Some of the men had enlisted and did not know their homes were being demolished while they were fighting overseas. And because they joined the army, they lost their Status. They came home to nothing and nowhere to go.
They didn’t give the land back. They kept the army camp for Air Cadets and opened Ipperwash Provincial Park on their beautiful beach. My dad taught Air Cadets at this Army Camp and we would go to the beach there quite often. I never knew the history. the Kettle Point Reserve was something hidden and off limits. There was terrible poverty and alcoholism was rampant. We destroyed these people then turned our noses up at them.
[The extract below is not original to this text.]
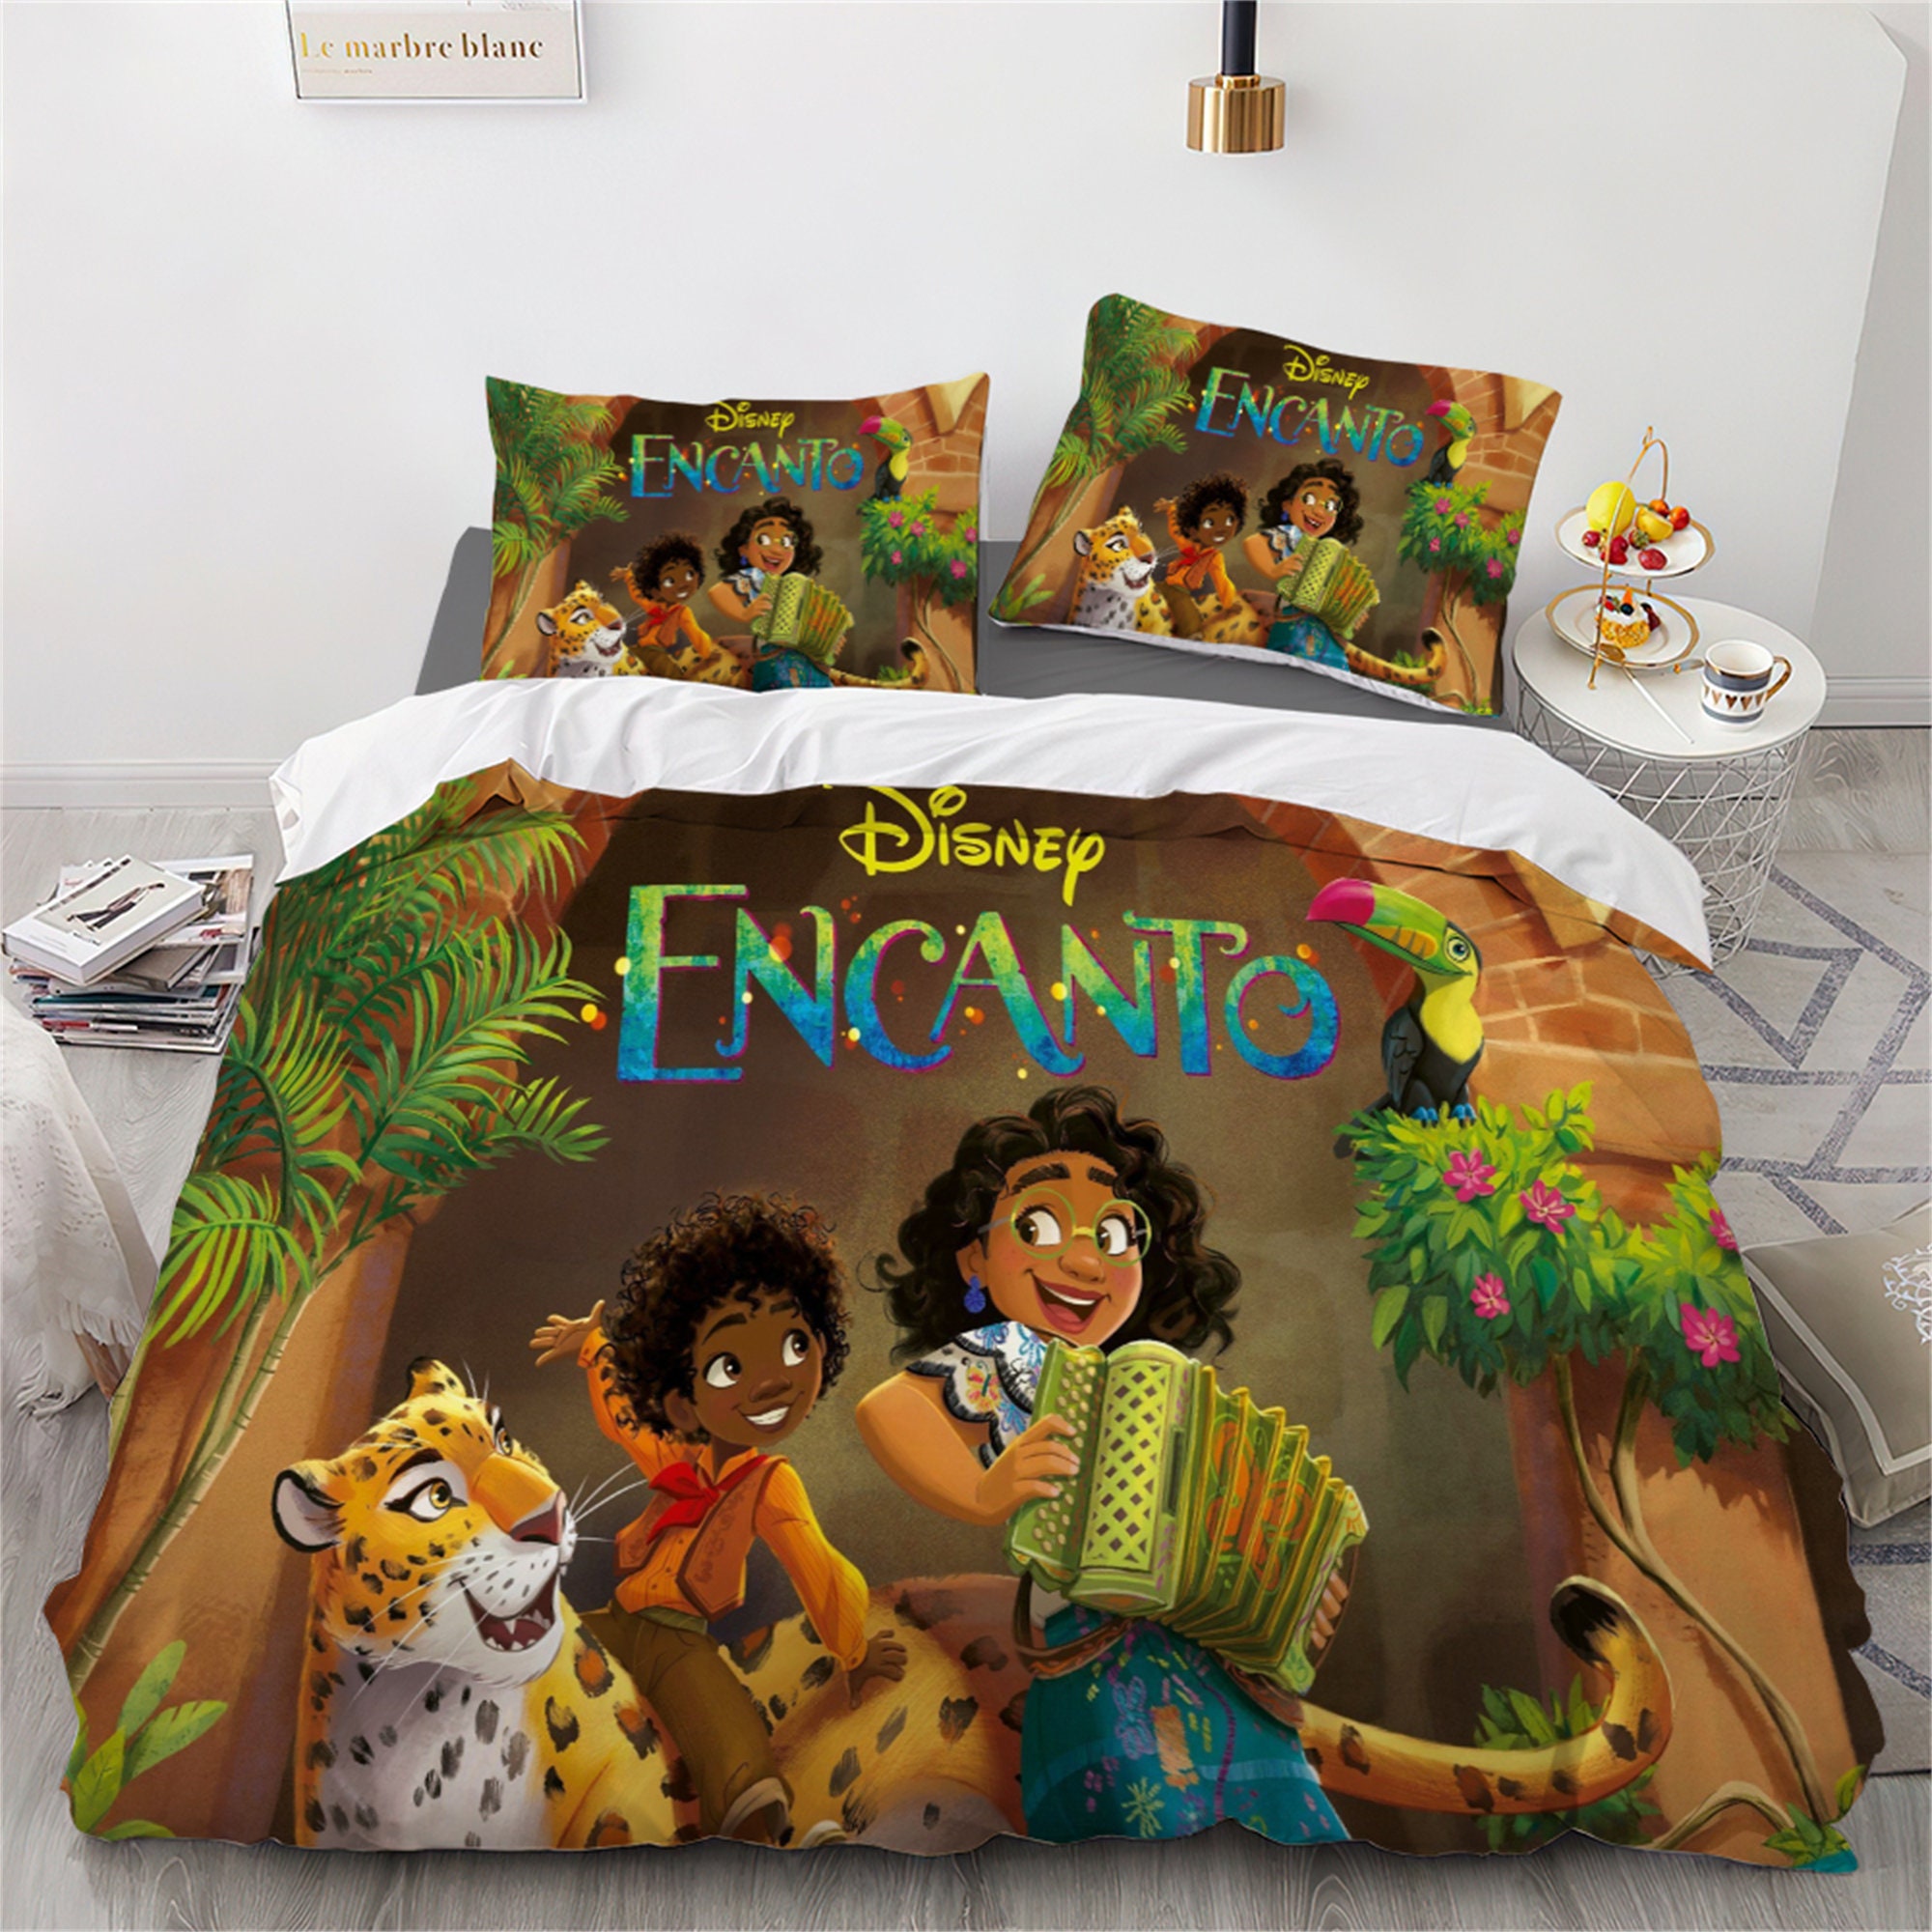 Northwest Disney's Encanto Pillow, 18 x 18, Uniquely Me
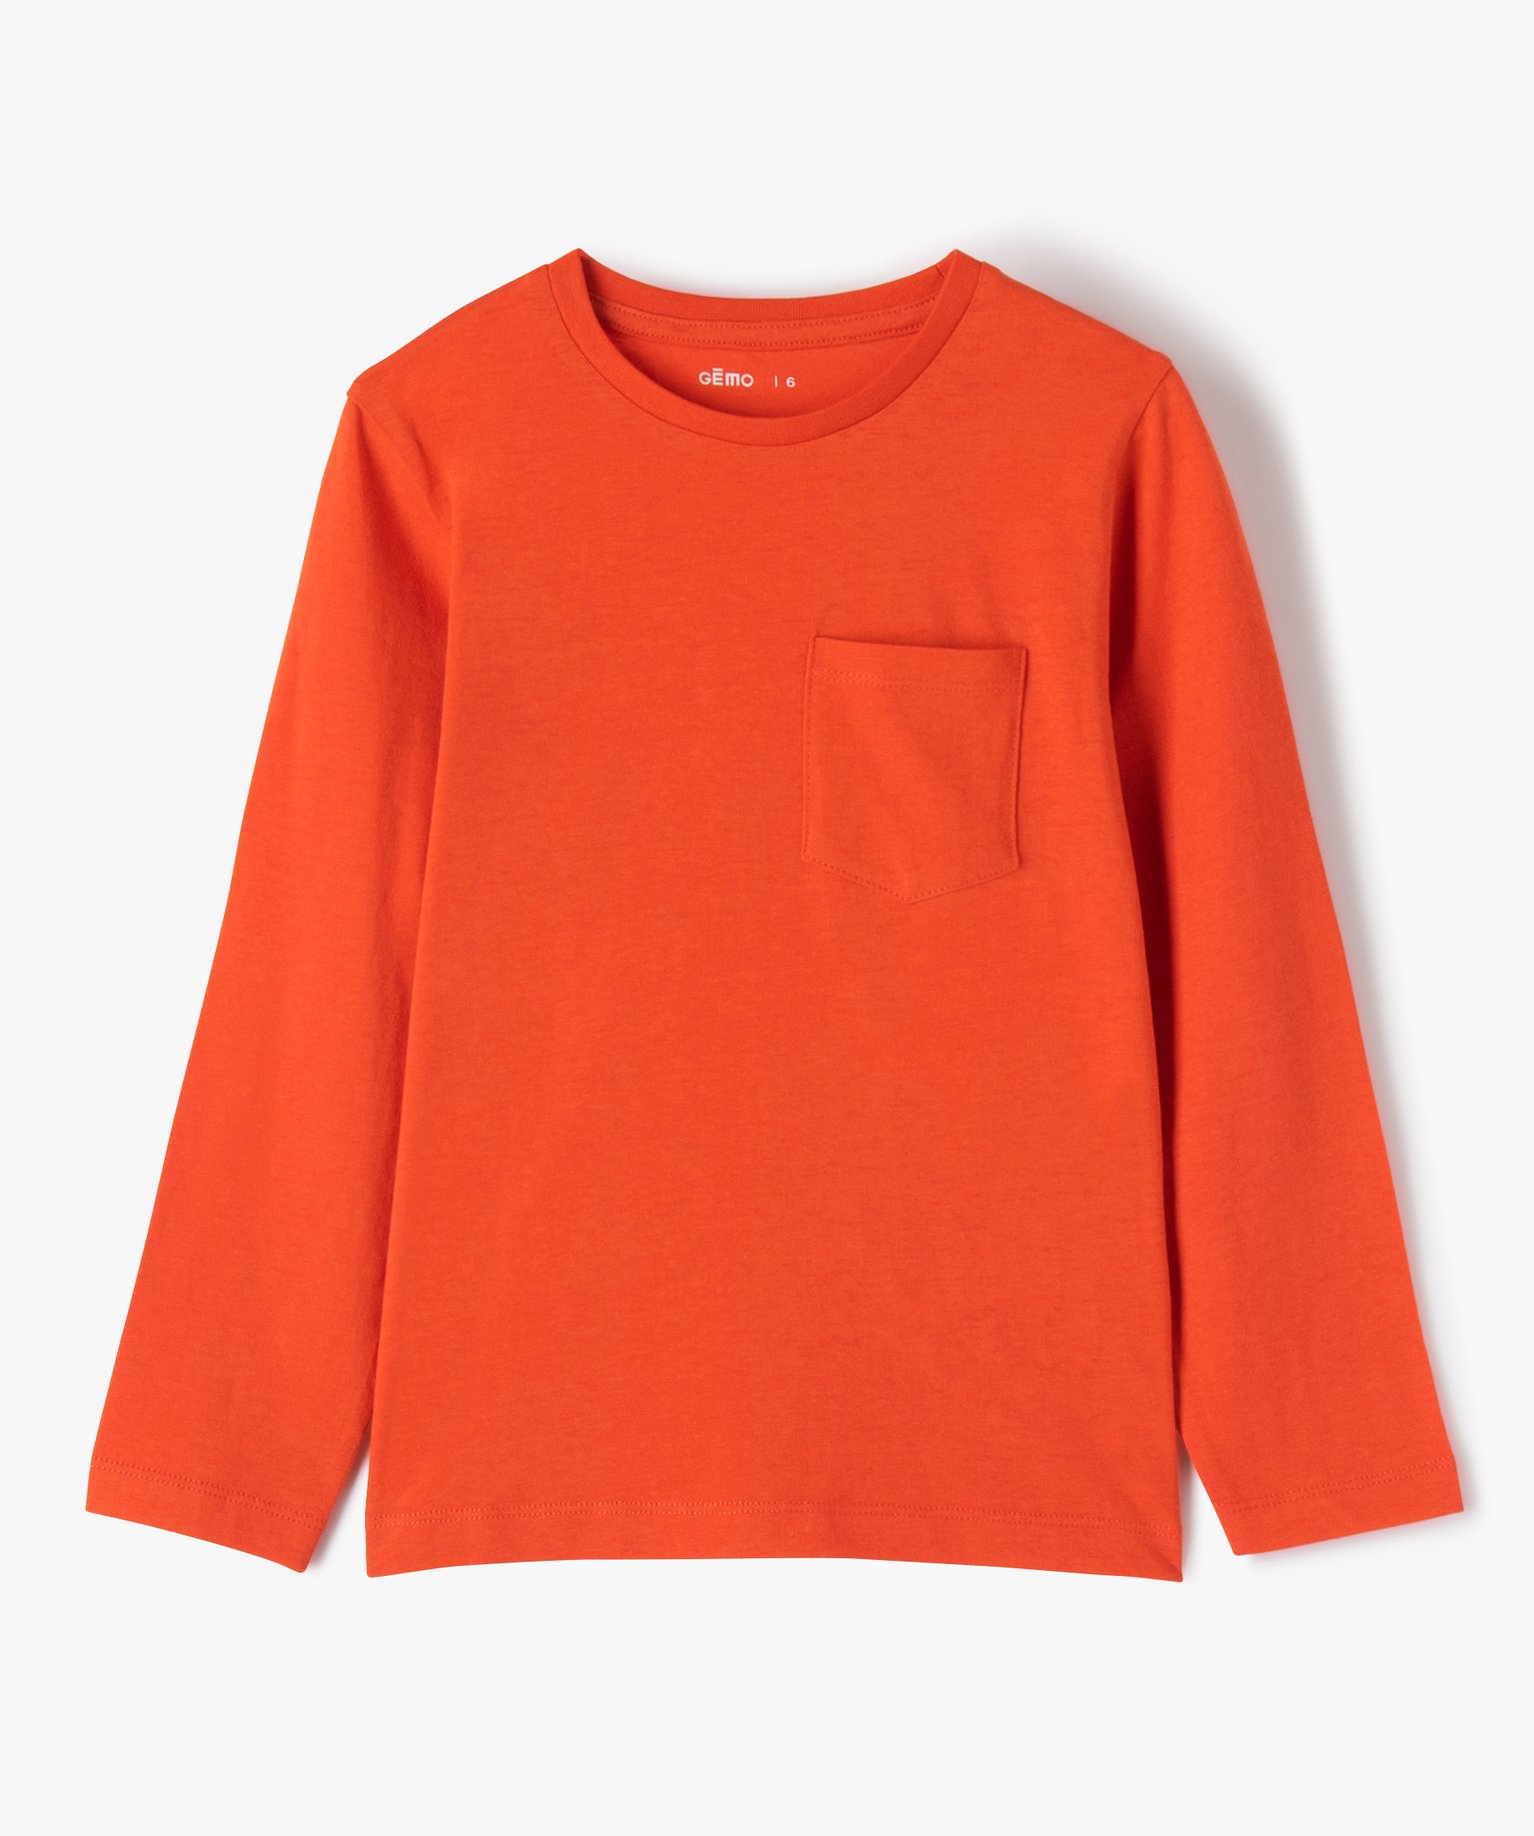 tee-shirt garcon manches longues a poche poitrine orange tee-shirts

Back in the 70’s a delegation of people from Kettle Point would take a monthly trip to Queen’s Park with all the letters and papers promising their land back. Nothing happened. (I do not have the dates in my head and to go look will break up my SoC.) Finally in the 80’s they took it back. It was a summer that many Indigenous people had come from all over North America to protest another land claim in Cayuga. The time was ripe and they had their own army to do it.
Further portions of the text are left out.